A reliable digital twin agent is not a single model call. It is a workflow engine that plans, collects evidence in parallel, runs structural and causal analysis, then synthesizes and validates conclusions.
Execution Model
- Plan: decide which data sources and analyses are needed.
- Collect in parallel: telemetry, process links, simulation links, documentation.
- Analyze structure: shortest paths, betweenness, communities, rank.
- Run causal inference: estimate effect size and counterfactuals.

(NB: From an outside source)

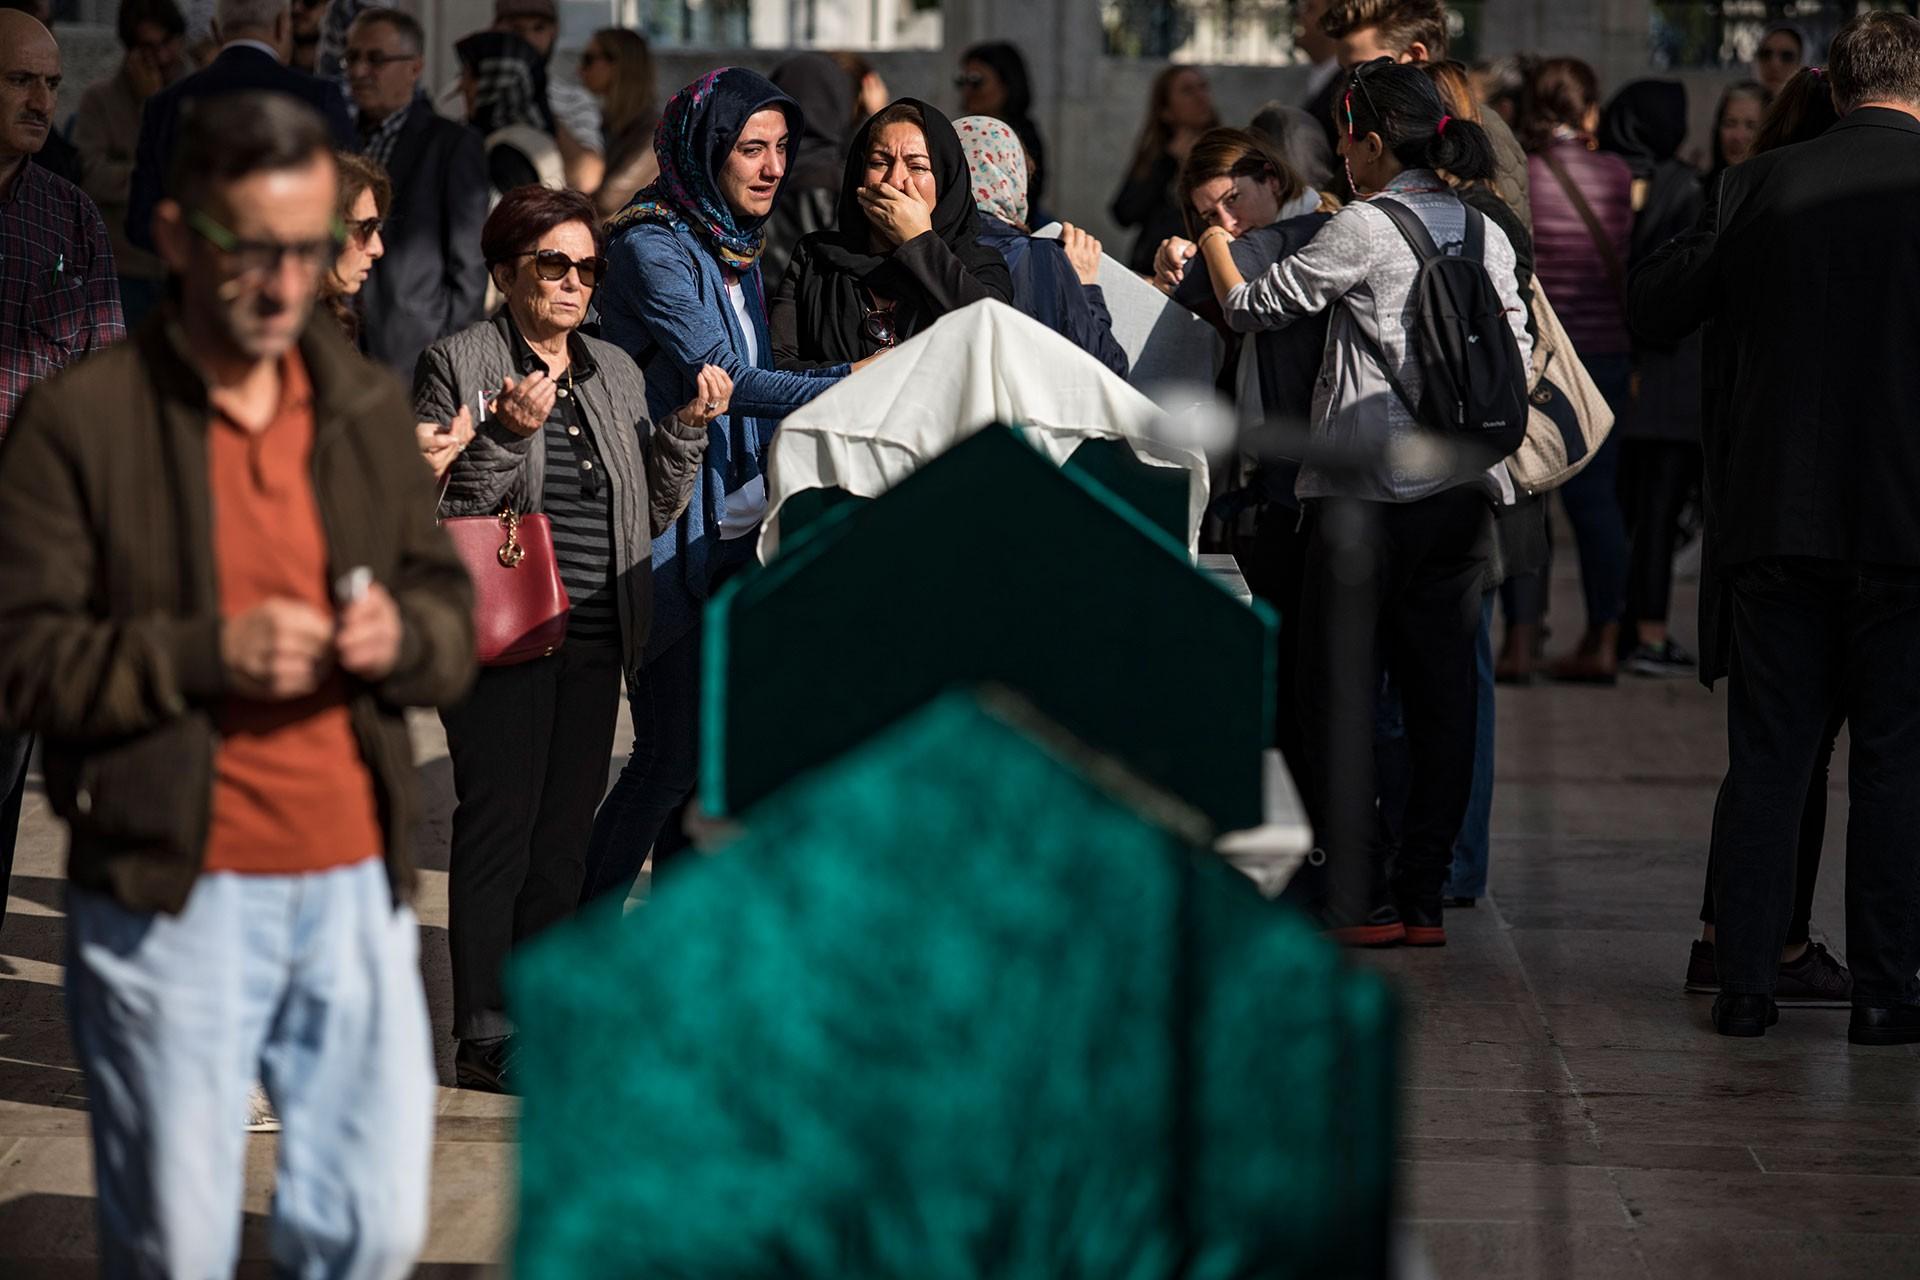 Bakırköy'de evlerinde ölü bulunan Delen ailesinin cenaze töreni.

- Synthesize: generate actionable recommendation with confidence.
Planner Contract
{
"dataSources": ["telemetry", "process_links", "simulation_links", "documents"],
"graphAlgorithms": ["shortest_paths", "betweenness", "community", "pagerank"],
"needsCausalAnalysis": true,
"causalQuestion": "Which parameter drift is driving uniformity loss?"
}
Parallel Collection (Node.js)
async function collectEvidence(assetId, plan) {
const tasks = [];
const out = {};
if (plan.dataSources.includes('telemetry')) {
tasks.push(fetchTelemetry(assetId).then(r => out.telemetry = r));
}
if (plan.dataSources.includes('process_links')) {
tasks.push(fetchProcessLinks(assetId).then(r => out.process = r));
}
if (plan.dataSources.includes('simulation_links')) {
tasks.push(fetchSimulationLinks(assetId).then(r => out.simulation = r));
}
if (plan.dataSources.includes('documents')) {
tasks.push(searchDocuments(assetId).then(r => out.docs = r));
}
await Promise.all(tasks);
return out;
}
Graph + Causal Layer
const [paths, mediators] = await Promise.all([
gds.findShortestPaths(entities),
gds.computeBetweennessCentrality(entities)
]);
const causal = await pythonSandbox.execute(causalCode, {
telemetry: evidence.telemetry,
setpoints: evidence.process?.setpoints
});
Why This Works in Production
- Parallelism keeps latency bounded.
- Graph analytics makes root-cause pathways explicit.
- Causal inference gives quantitative confidence, not only correlation.
- Decision traces make every recommendation auditable and reusable.
Operational Guardrails
const recommendation = {
action: 'adjust_valve_pid',
confidence: 0.84,
requiresApproval: true,
evidence: {
shortestPath: paths[0],
keyMediator: mediators[0],
causalEffect: causal.ate
}
};
if (recommendation.requiresApproval) {
await requestHumanApproval(recommendation);
}
Rollout Plan
- Pilot on one line or tool family.
- Instrument decision traces from day one.
- Add precedent search before all high-impact actions.
- Track precision/recall of recommendations and false intervention rate.
- Scale to additional assets with reusable planner templates.
This architecture gives you a digital twin agent that is fast enough for operations and deep enough for root cause analysis.